In Europe, IAAPA membership will always be what we call a secondary membership; people tend to belong to a national association first and foremost, and it makes sense because these associations are doing a good job. However, with globalisation and the European legislative agenda, it is really important that there is someone who can represent all the different countries together. For almost two years we worked hand in hand with Europarks on European Union issues, before Europarks dissolved itself and we took over the responsibilities. It’s also great to have someone to bring the industry together at the trade shows.
What European Union (EU) issues should the attractions industry be aware of?

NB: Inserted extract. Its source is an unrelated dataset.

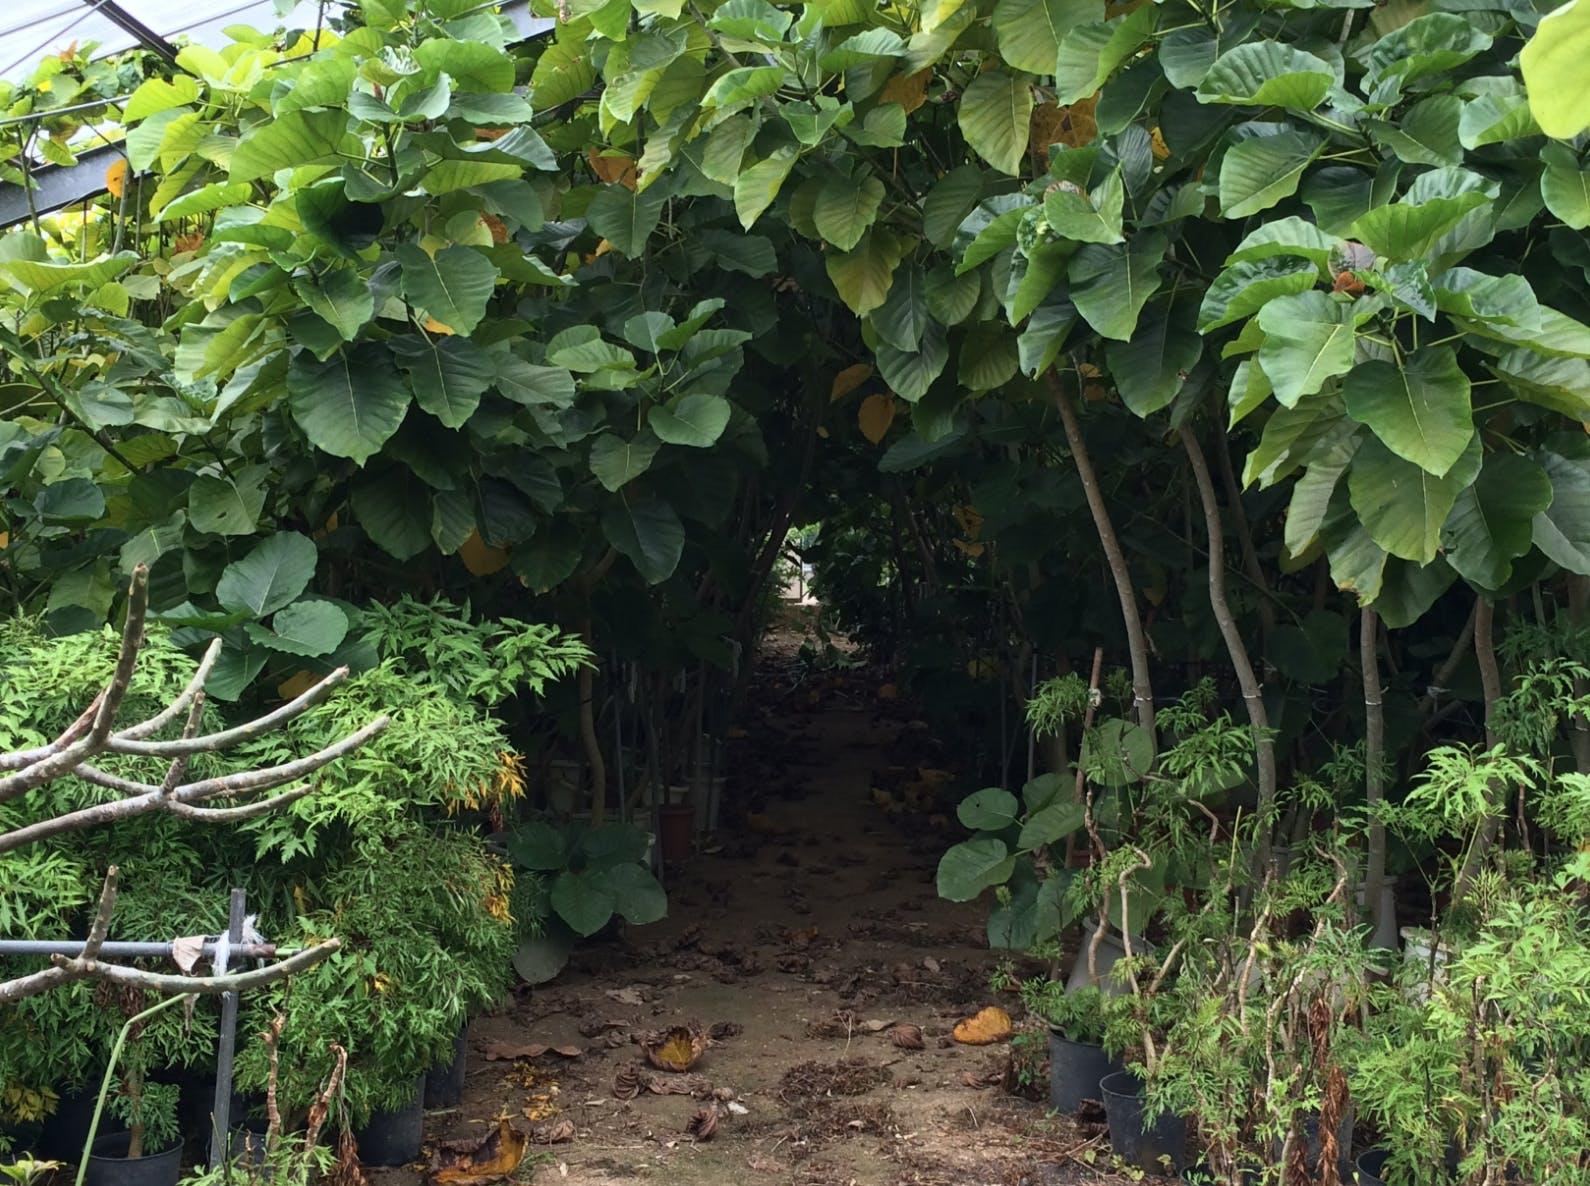 枯らしたくない人のために。 土を使わない観葉植物「セラミックソイル」

I do not see anything coming up right now that would be of immediate concern. There is an upcoming revision of the VAT (tax) directive that could have some impact on the attractions industry. Right now we have an option in the directive to apply a lower rate for attractions, which we would very much like to uphold. With the Lisbon Treaty, suddenly tourism is a hot issue and I expect we will see more tourism initiatives coming from the EU.
IAAPA’s Euro Attractions Show (EAS) has established itself as Europe’s key industry event. Is there room for growth at EAS, and is there room for other European shows?
I think with 7 or 8,000 people and over 250 exhibitors EAS is now really quite substantial, but that said I still see potential to grow this show if you look at the size of Europe and the number of operators. As far as large trade shows focused on the amusement and theme park industry go, I do not think we will see any more, but I could be wrong. Many national trade associations already have small trade shows or exhibits with their annual meetings, and I think there’s always room for that. What me might see is vertical trade shows appearing focusing on, for instance, FECs or waterparks.
Is autumn (fall) the right time of year for EAS and does IAAPA risk cannibalising its own market by holding Attractions Expo so soon afterwards in the States?
I don’t know! Right now we are testing the fall time for EAS, the problem is I do not think there is any time that benefits everyone so it’s always a compromise. There is actually a surprisingly small overlap between the two shows when it comes to attendance, but of course you want exhibitors to be able to move between the two so we have to be careful not to hold them too close together.
How much growth do you predict for the industry in Eastern Europe and is the rest of Europe now a saturated market?
What we see at IAAPA Europe is that there is increased interest in membership from Eastern Europe; there is increased interest in attending EAS. We see a lot of projects in the pipeline, but it still remains very much an emerging market and there is not that much going on right now. There are quite a few FECS and indoor facilities, and I think they may find their own model based on market conditions and consumer preferences. I think the Northern European market, including the British market, is very mature but we do see some projects happening.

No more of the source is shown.